Ростислав. Для меня этот факт, кажется, выговаривает настоящую и трудную задачу человека: подниматься от земли, не оставляя ее…

Вячеслав. То есть, другими словами, надобно искать возможного — и не гоняться попусту за невозможным…

Фауст не отвечал ничего, но переменил разговор.

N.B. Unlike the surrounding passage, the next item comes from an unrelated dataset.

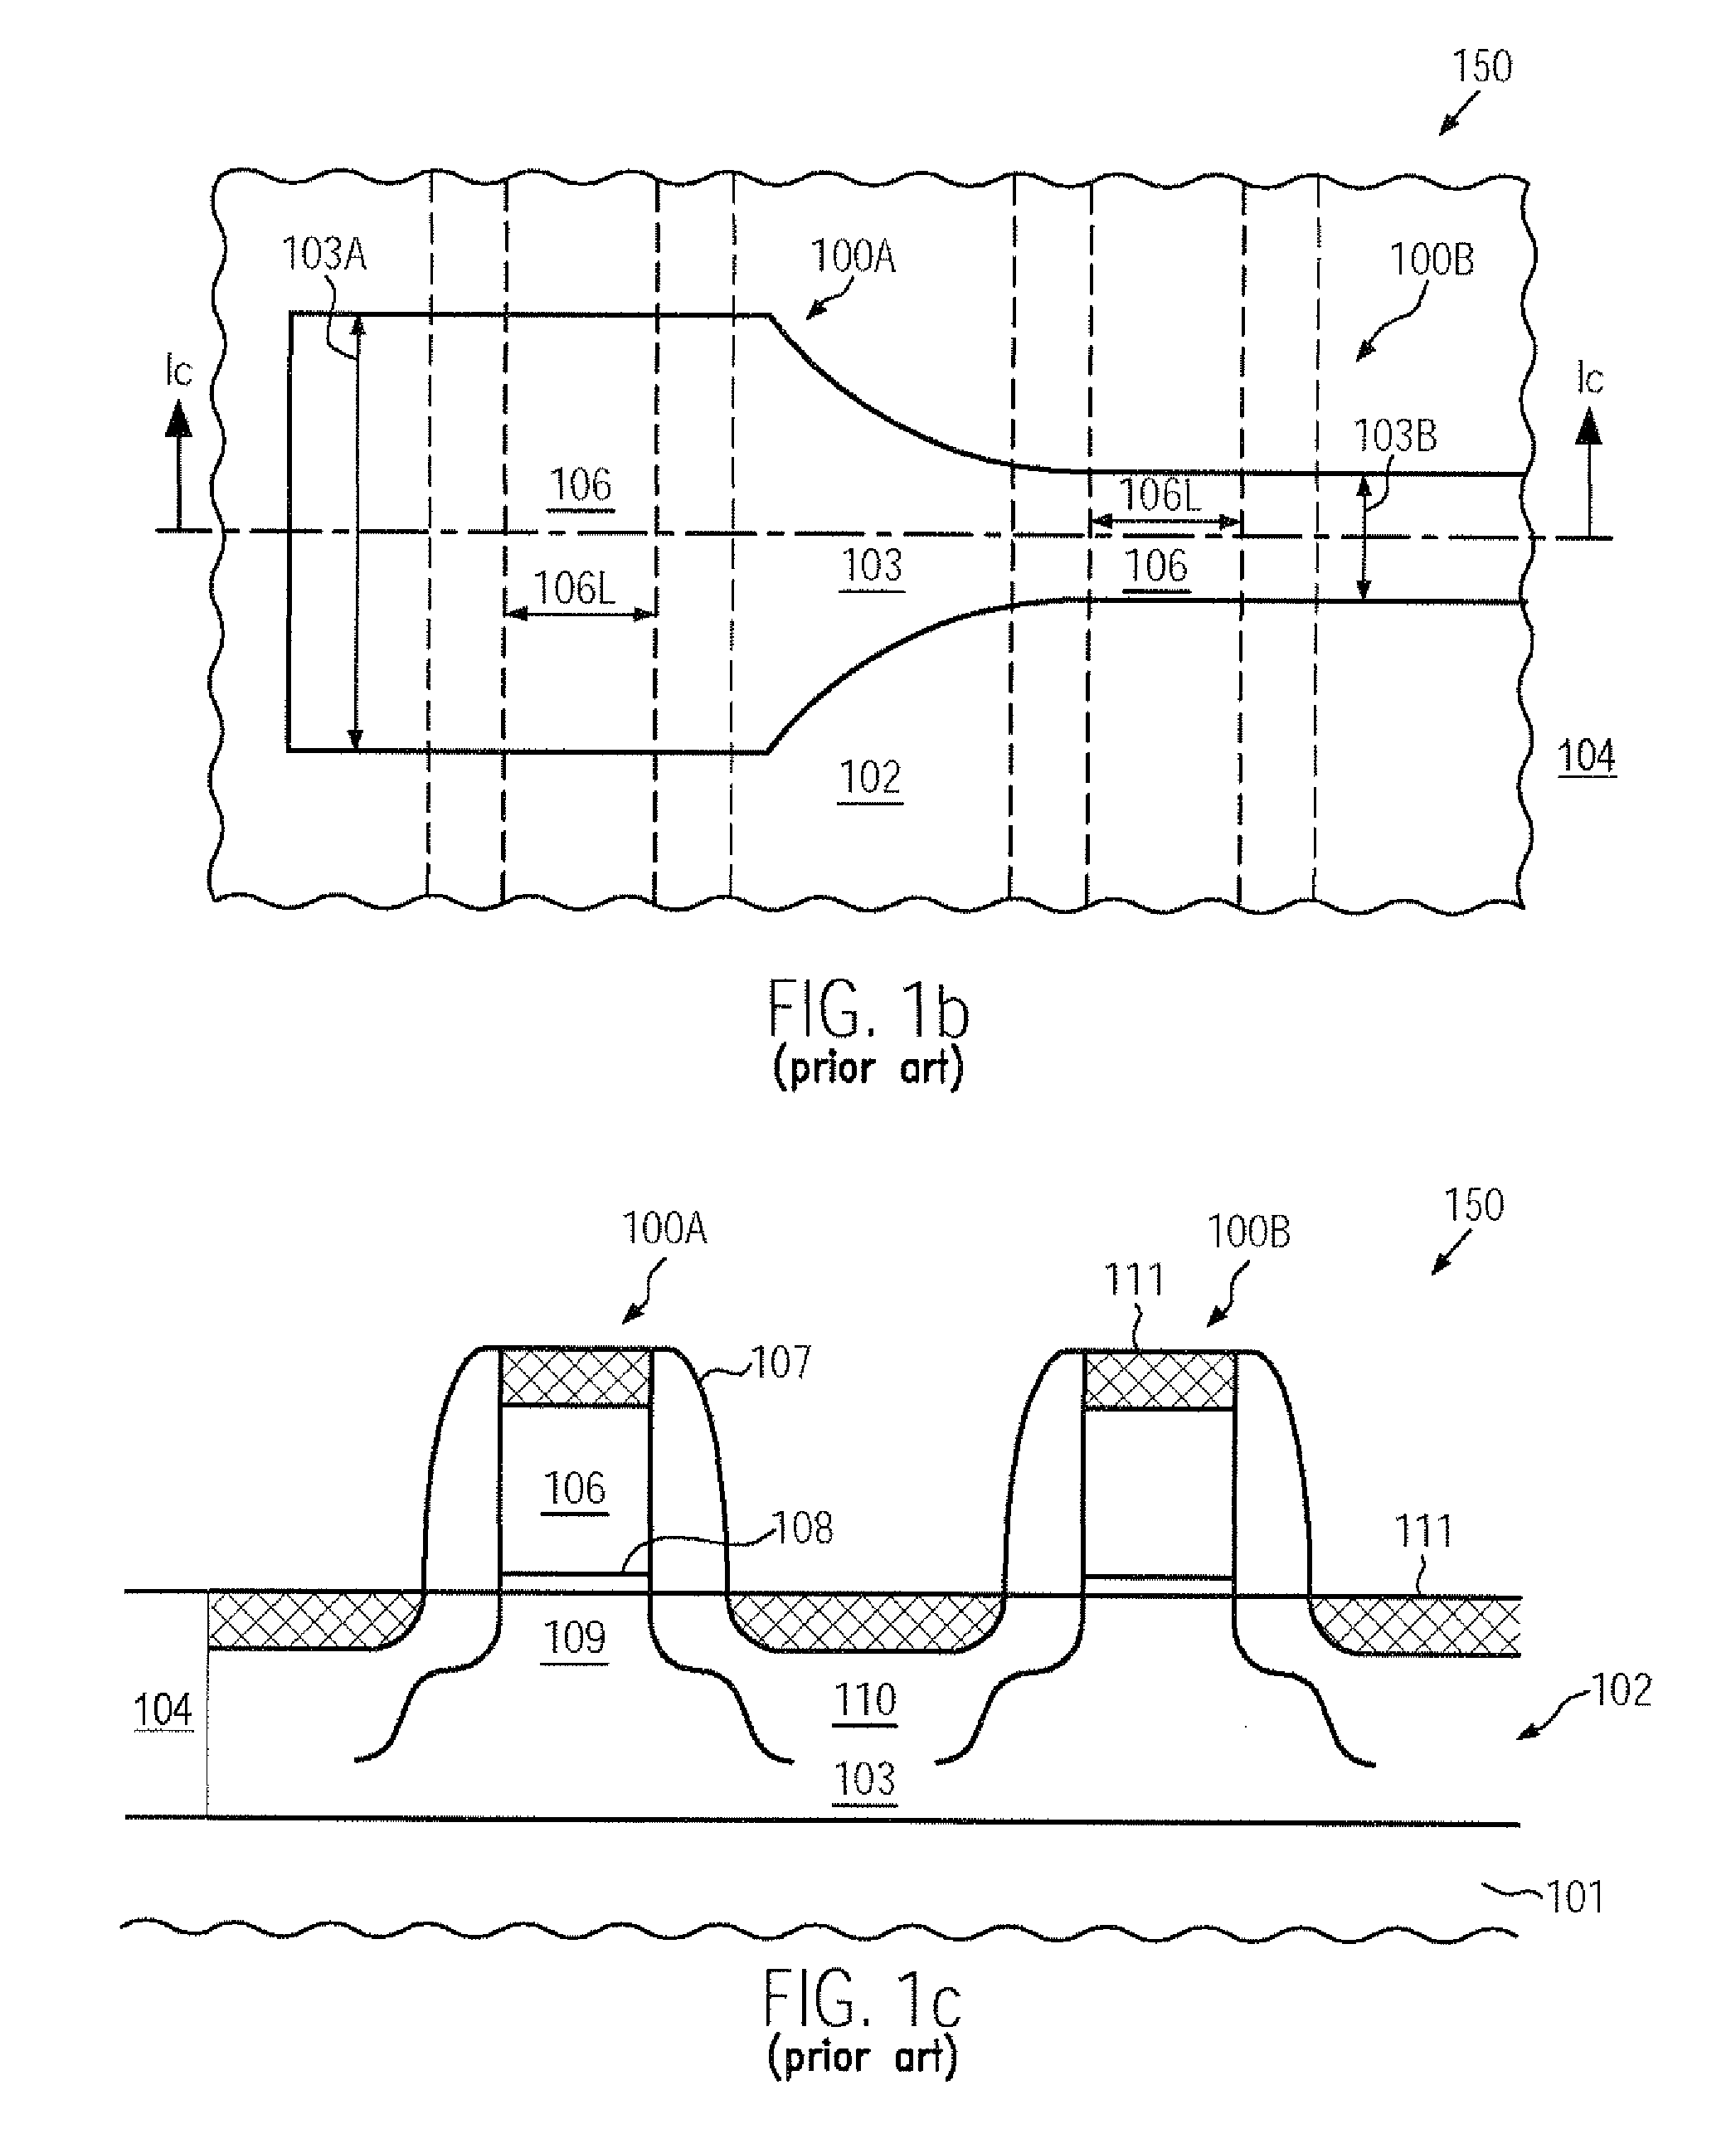 Drive current adjustment for transistors formed in the same active region by locally inducing different lateral strain levels in the active region

— Мы до света не переспорим друг друга, — сказал он, — а я ни за что, хотя вы и друзья мои, не уступлю вам моего сладкого утреннего сна; не приняться ли за рукопись? Надобно же дочитать ее.

Фауст начал:

— По порядку номеров за «Экономистом» следует:

Последний квартет Бетховена

Я был уверен, что Креспель помешался. Профессор утверждал противное. «С некоторых людей, — сказал он, — природа или особенные обстоятельства сорвали завесу, за которою мы потихоньку занимаемся разными сумасбродствами. Они похожи на тех насекомых, с коих анатомист снимает перепонку и тем обнажает движение их мускулов. Что в нас только мысль, то в Креспеле действие».

Гофман.

1827 года, весною, в одном из домов венского предместия несколько любителей музыки разыгрывали новый квартет Бетховена, только что вышедший из печати. С изумлением и досадою следовали они за безобразными порывами ослабевшего гения: так изменилось перо его! Исчезла прелесть оригинальной мелодии, полной поэтических замыслов; художническая отделка превратилась в кропотливый педантизм бездарного контрапунктиста; огонь, который прежде пылал в его быстрых аллегро и, постепенно усиливаясь, кипучею лавою разливался в полных, огромных созвучиях, — погас среди непонятных диссонансов, а оригинальные, шутливые темы веселых менуэтов превратились в скачки и трели, невозможные ни на каком инструменте. Везде ученическое, недостигающее стремление к эффектам, не существующим в музыке; везде какое-то темное, не понимающее себя чувство. И это был все тот же Бетховен, тот же, которого имя, вместе с именами Гайдна и Моцарта, тевтонец произносит с восторгом и гордостию! — Часто, приведенные в отчаяние бессмыслицею сочинения, музыканты бросали смычки и готовы были спросить: не насмешка ли это над творениями бессмертного? Одни приписывали упадок его глухоте, поразившей Бетховена в последние годы его жизни; другие — сумасшествию, также иногда омрачавшему его творческое дарование; у кого вырывалось суетное сожаление; а иной насмешник вспоминал, как Бетховен в концерте, где разыгрывали его последнюю симфонию, совсем не в такт размахивал руками, думая управлять оркестром и не замечая того, что позади его стоял настоящий капельмейстер; но они скоро снова принимались за смычки и из почтения к прежней славе знаменитого симфониста как бы против воли продолжали играть его непонятное произведение.